--- Task item ---
Among the lines below, output only those between the line holding "Who Is A Jew In The Bible.jpg" and the line holding "Ingredients for Spanish", inclusive, exactly as written and with no pictures.

--- Provided records ---
--- START ---

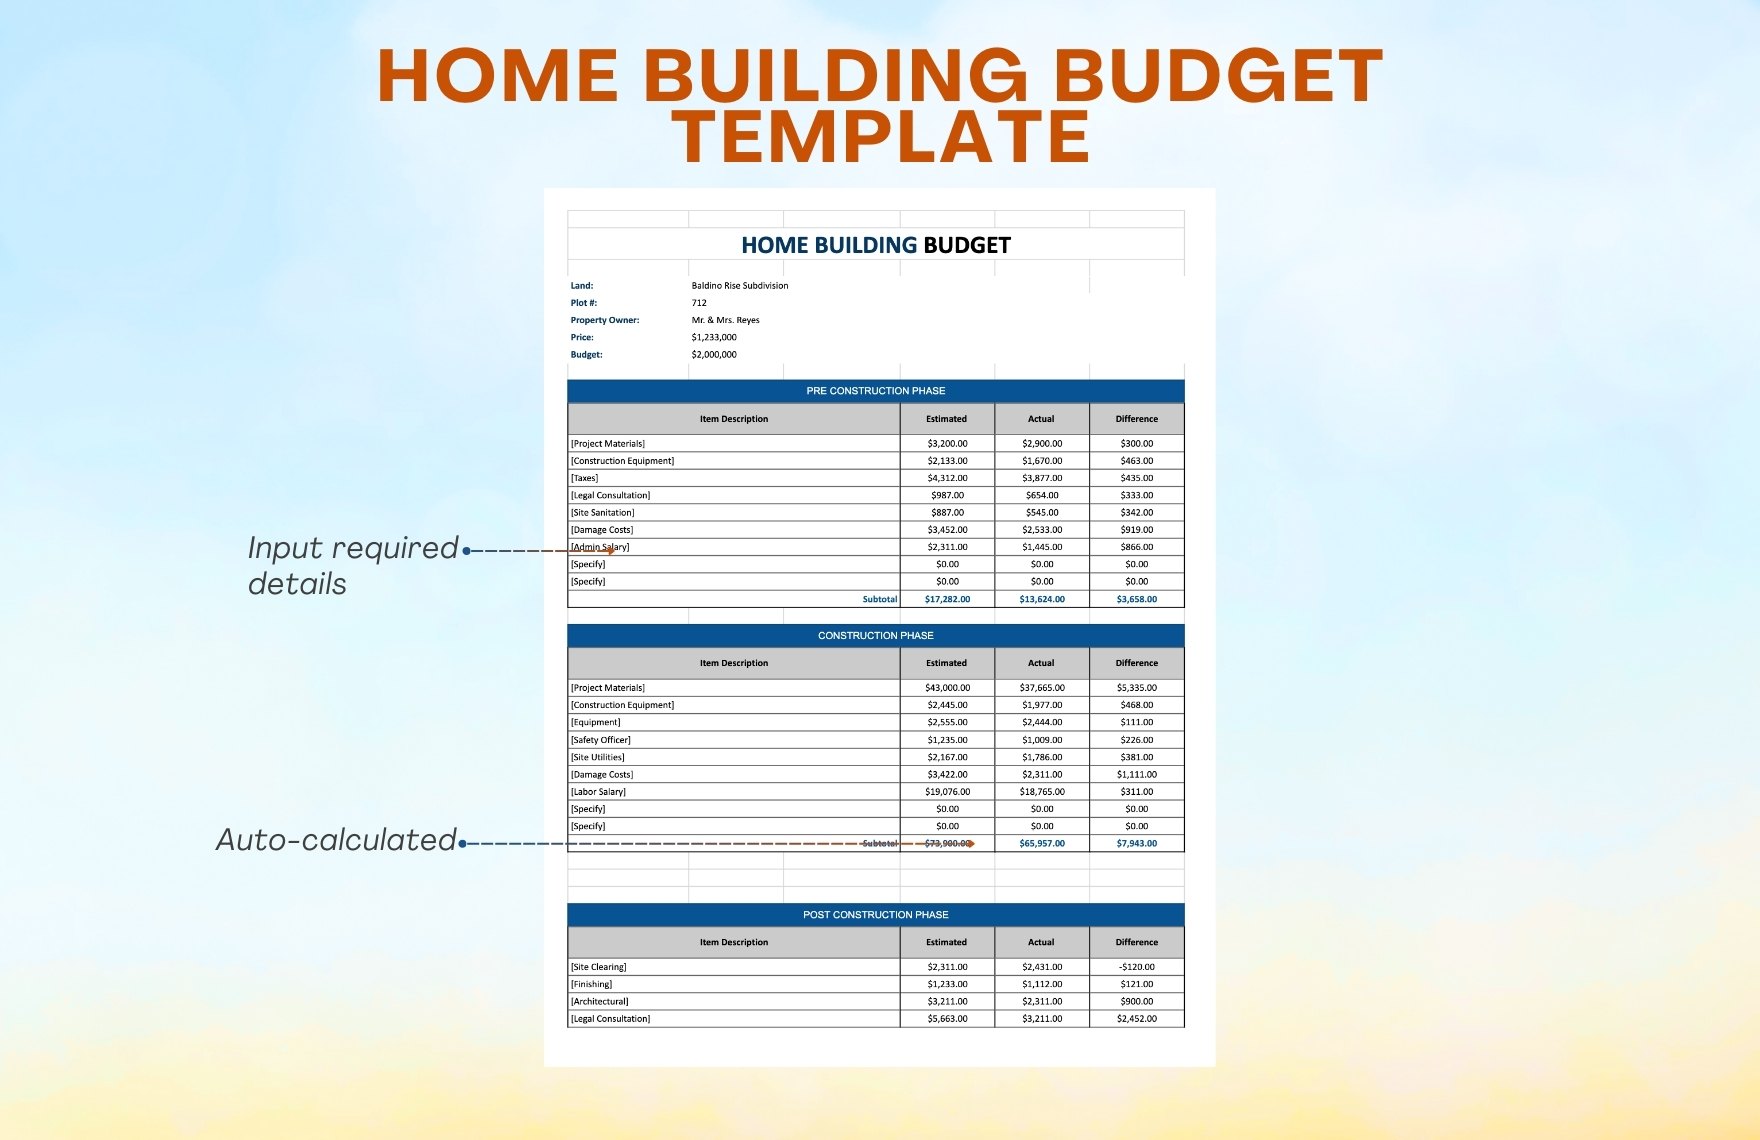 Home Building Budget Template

--- END ---
--- START ---

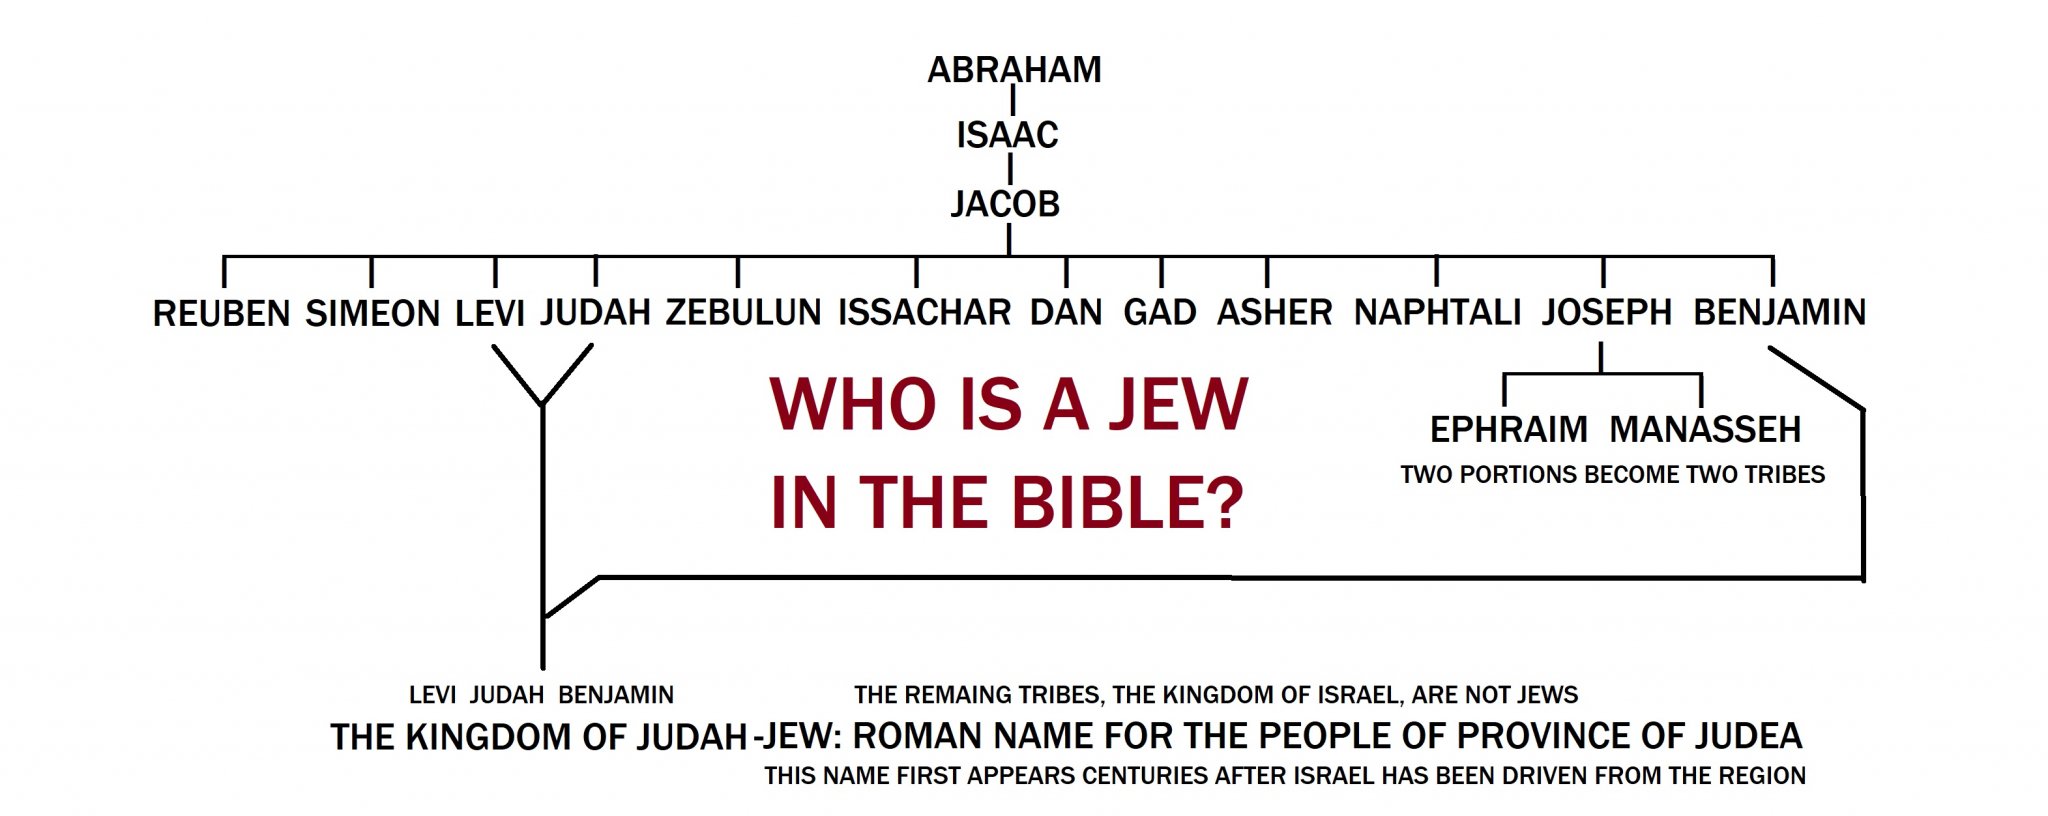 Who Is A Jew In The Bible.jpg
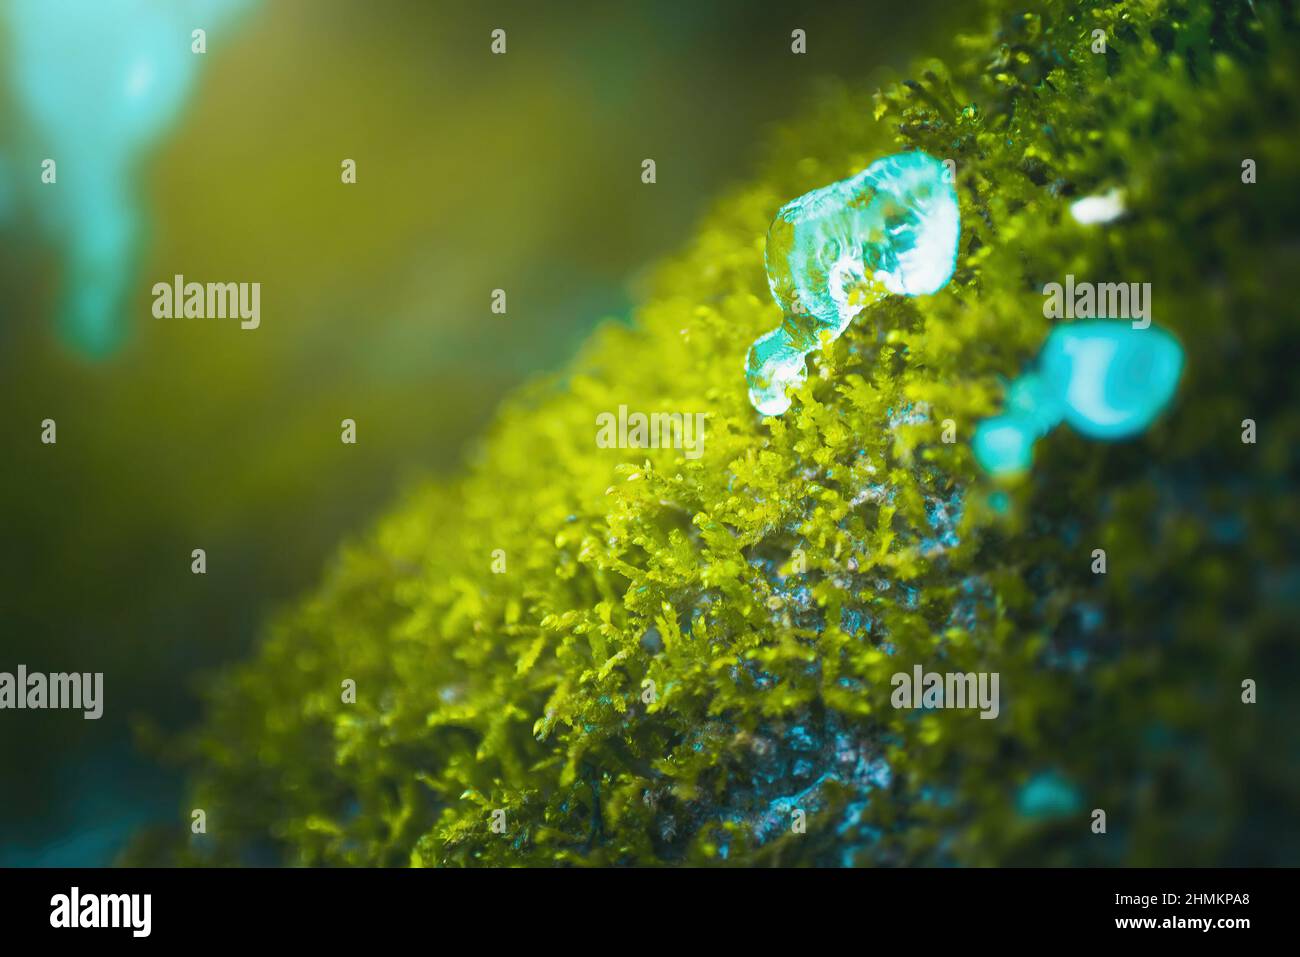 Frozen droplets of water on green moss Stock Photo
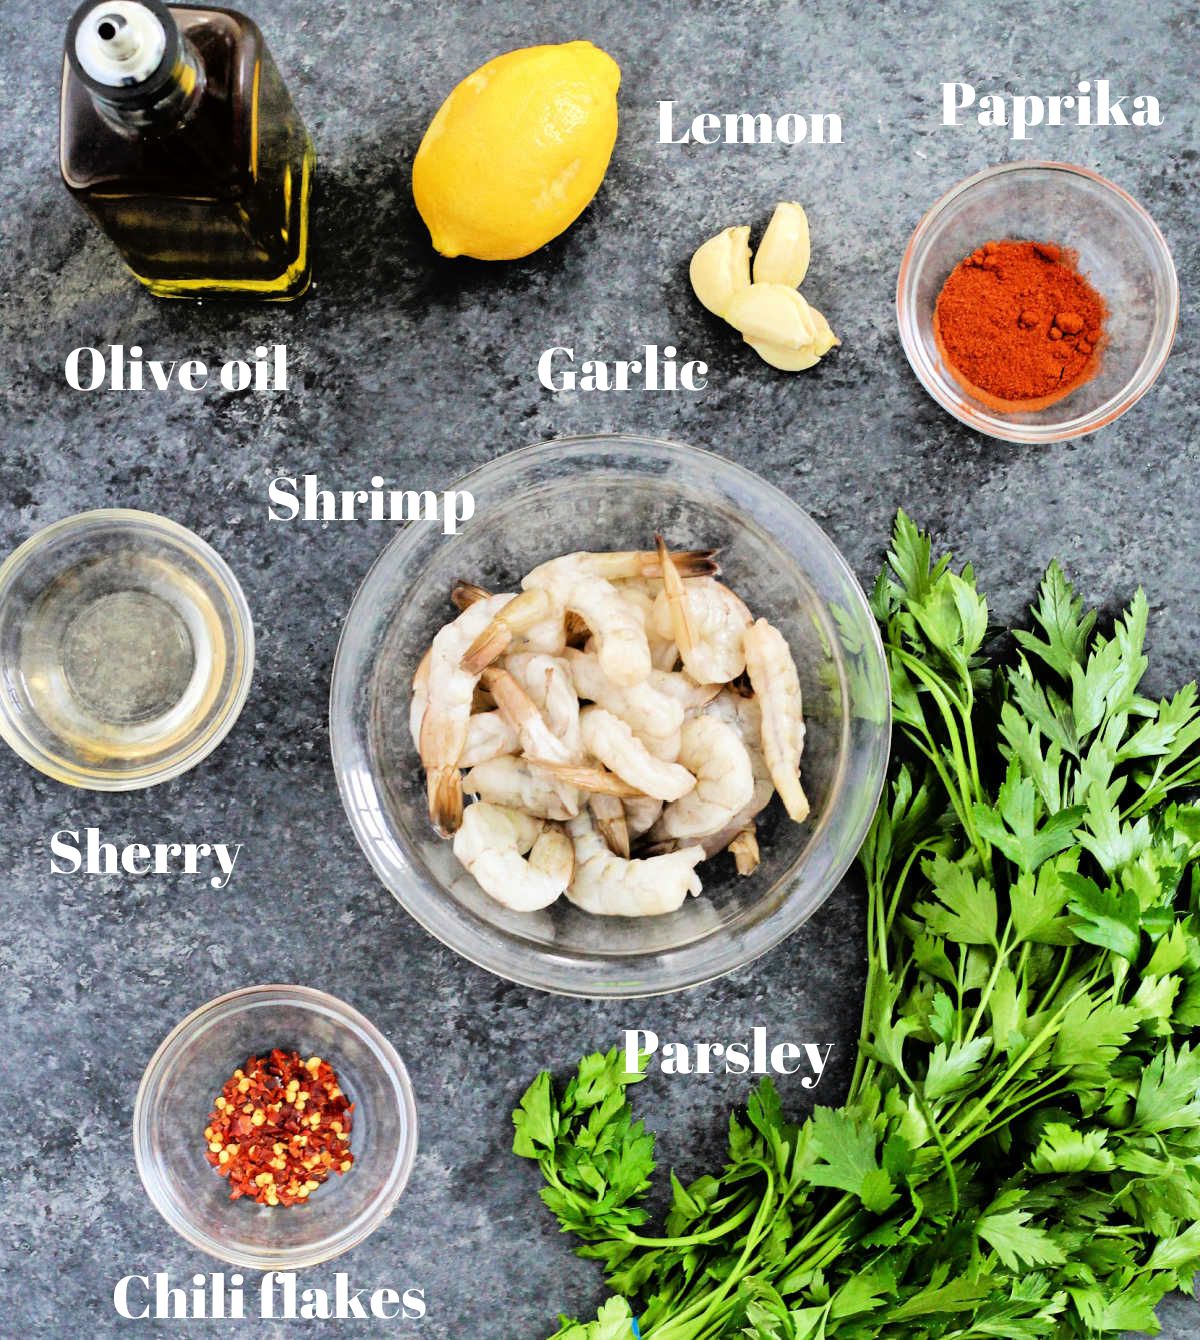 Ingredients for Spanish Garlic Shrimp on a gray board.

--- END ---

--- Answer space ---
 Who Is A Jew In The Bible.jpg
 Frozen droplets of water on green moss Stock Photo
 Ingredients for Spanish Garlic Shrimp on a gray board.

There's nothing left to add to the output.